= Precision Time Protocol Industry Profile =

Part of IEC 62439-3 standard

Industrial automation systems consisting of several distributed controllers need a precise synchronization for commands, events and process data.
For instance, motors for newspaper printing are synchronized within some 5 microseconds to ensure that the color pixels in the different cylinders come within 0.1 mm at a paper speed of some 20 m/s. Similar requirements exist in high-power semiconductors (e.g. for converting between AC and DC grids) and in drive-by-wire vehicles (e.g. cars with no mechanical steering wheel).
This synchronisation is provided by the communication network, in most cases Industrial Ethernet.
Many ad-hoc synchronization schemes exist, so IEEE published a standard Precision Time Protocol IEEE 1588 or "PTP", which allows sub-microsecond synchronization of clocks.
PTP is formulated generally, so concrete applications need a stricter profile. In particular, PTP does not specify how the clocks should operate when the network is duplicated for better resilience to failures.
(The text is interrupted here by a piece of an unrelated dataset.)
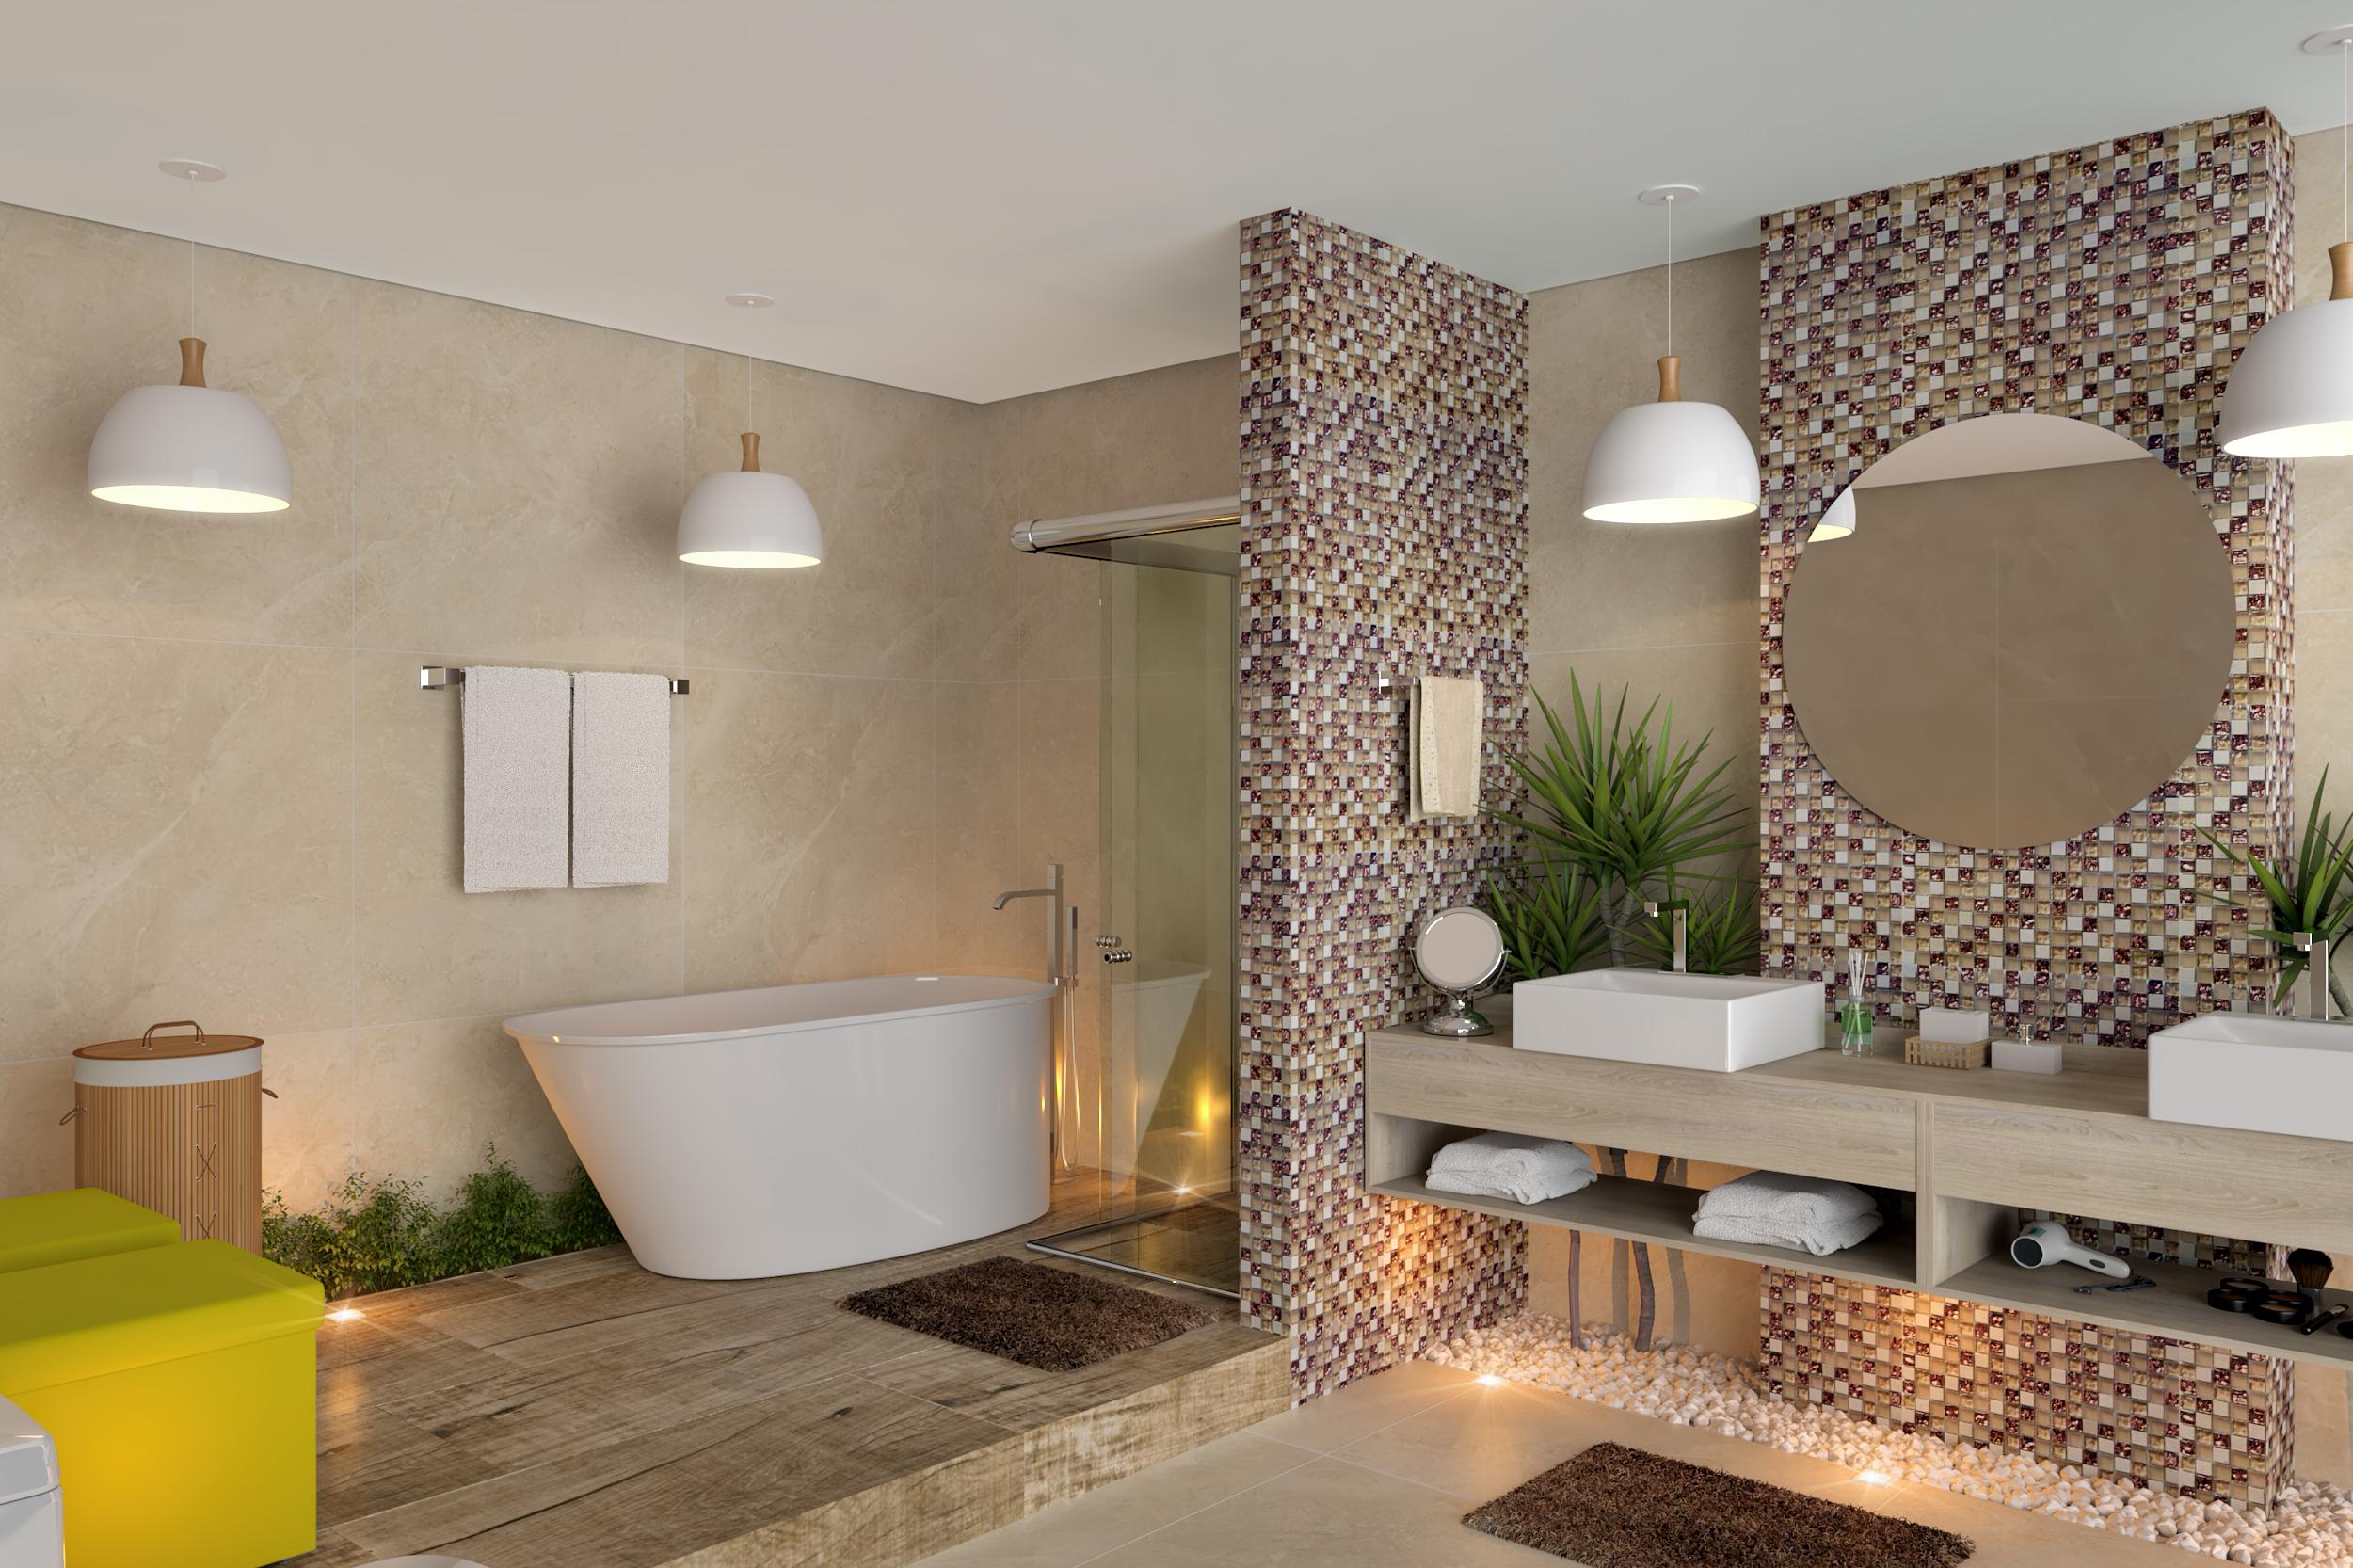 Banheiro grande e moderno - Piso pequeno moderno ...

The PTP Industrial Profile (PIP) is a standard of the IEC 62439-3 that specifies in its Annex C two Precision Time Protocol IEEE 1588 / IEC 61588 profiles, L3E2E and L2P2P, to synchronize network clocks with an accuracy of 1 μs and provide fault-tolerance against clock failures.

The IEC 62439-3 PTP profiles are applicable to most Industrial Ethernet networks, for synchronized drives, robotics, vehicular technology and other applications that require precise time distribution, not necessarily using redundant networks.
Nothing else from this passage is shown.